#### DATA UNDER STUDY ####
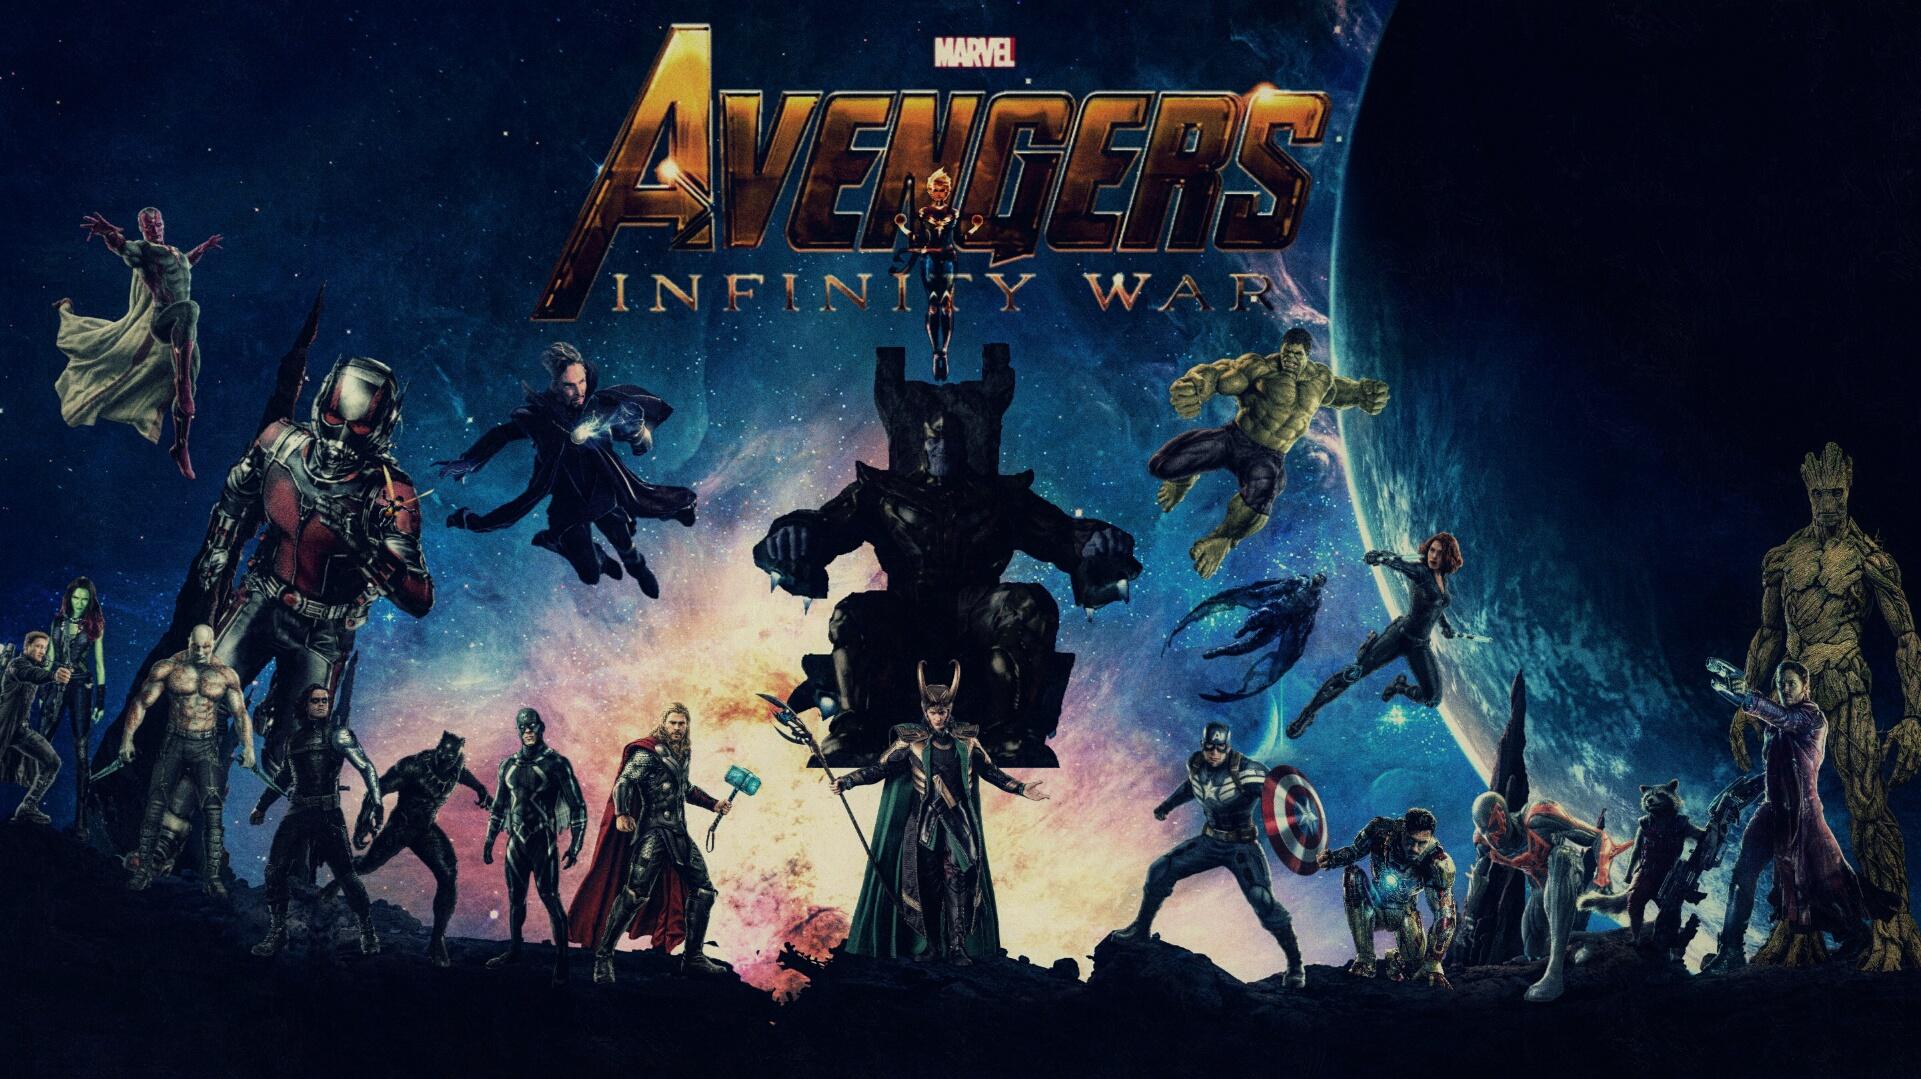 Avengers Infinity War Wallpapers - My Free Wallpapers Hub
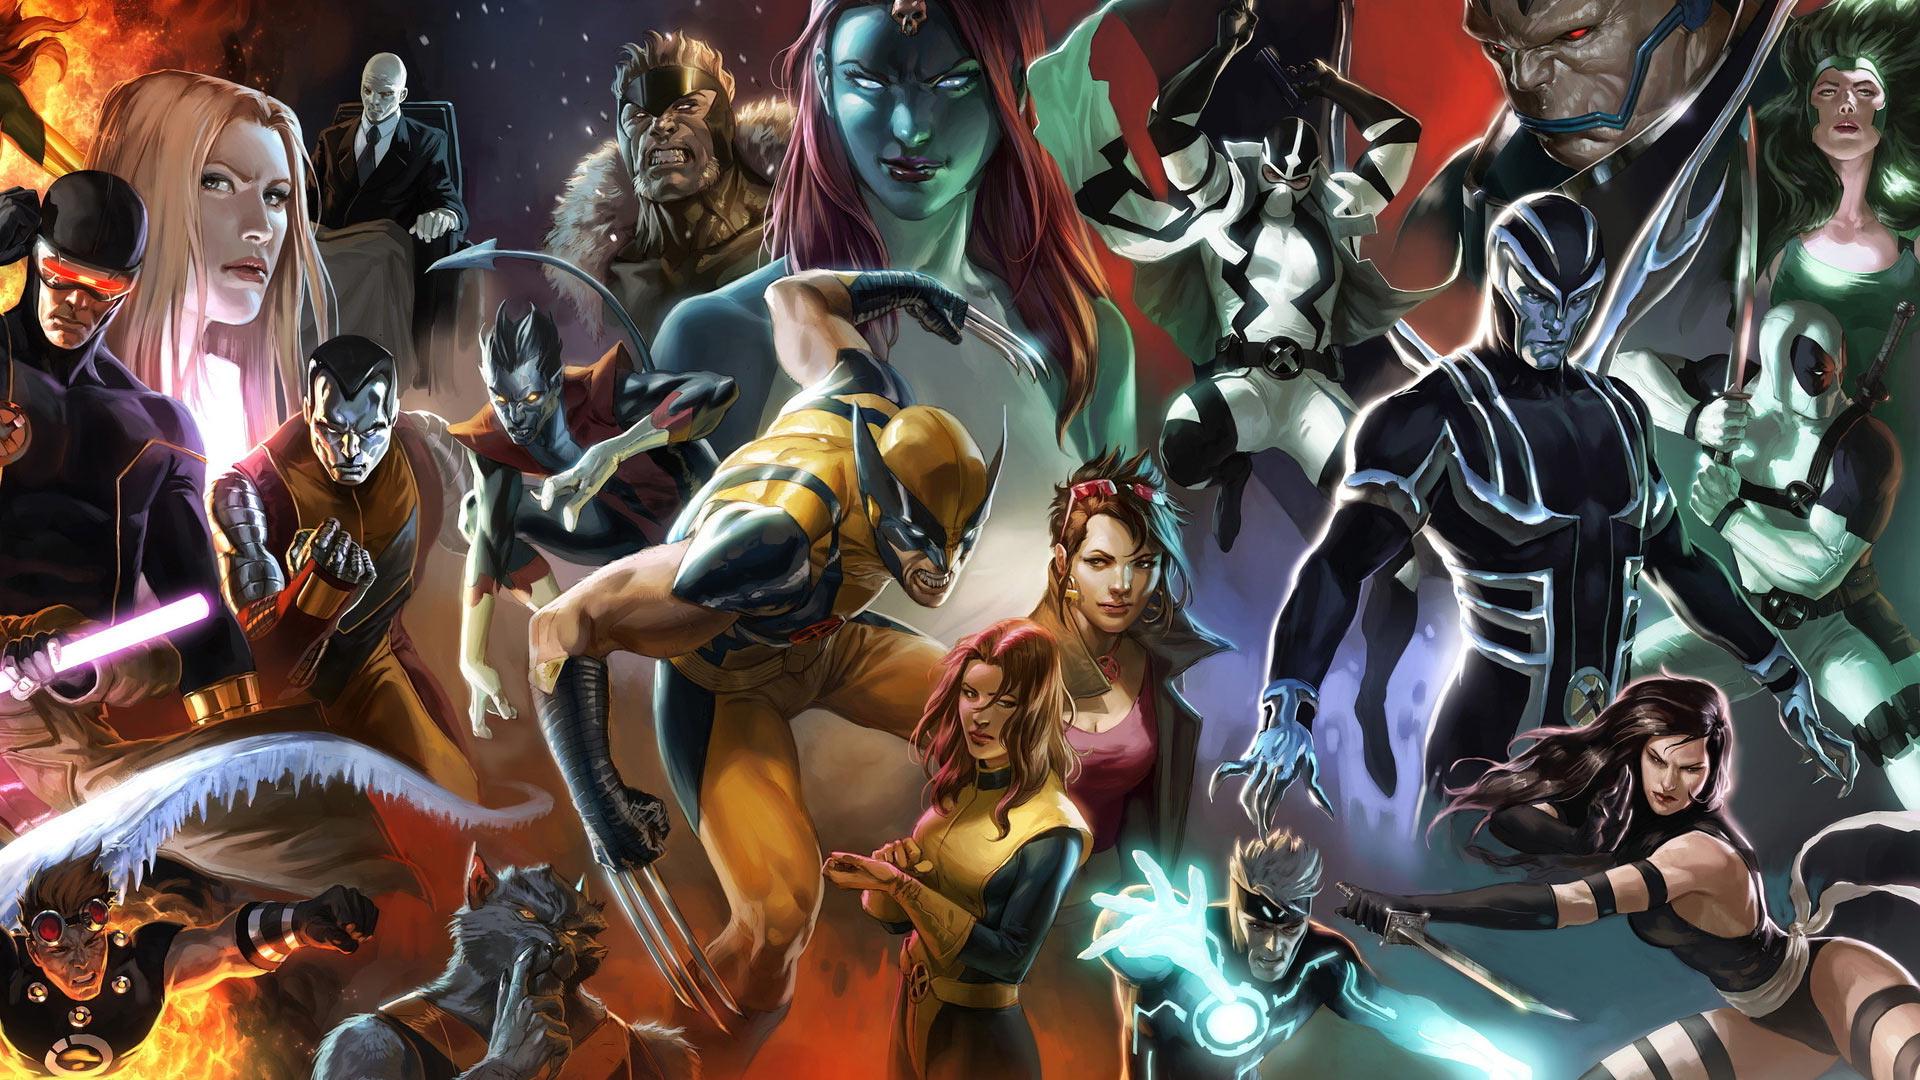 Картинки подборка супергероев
####
#### DATA UNDER STUDY ####
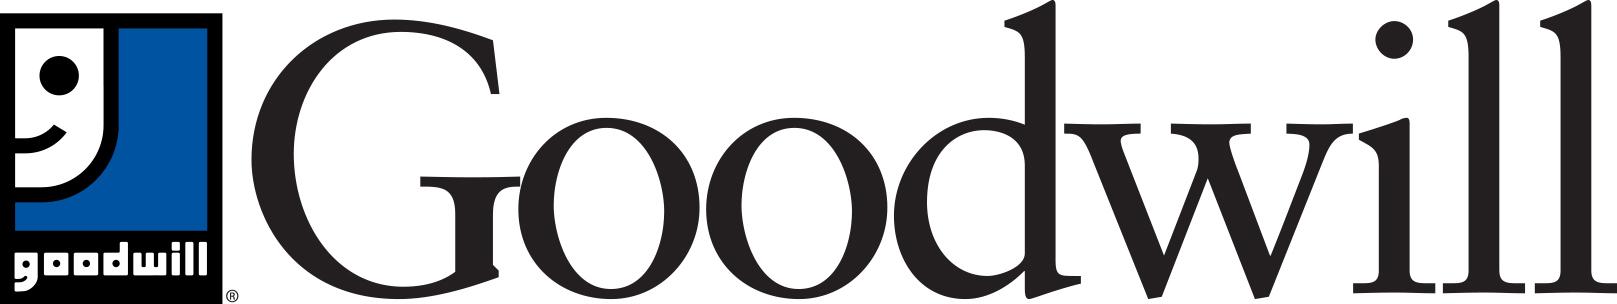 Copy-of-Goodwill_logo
####
ASSIGNED TASK:
If a picture sits between the line containing "Avengers Infinity War" and the line containing "Картинки подборка супергероев", leave it out, and return the lines of that range above exactly, both ends included.

WRITTEN SOLUTION:
 Avengers Infinity War Wallpapers - My Free Wallpapers Hub
 Картинки подборка супергероев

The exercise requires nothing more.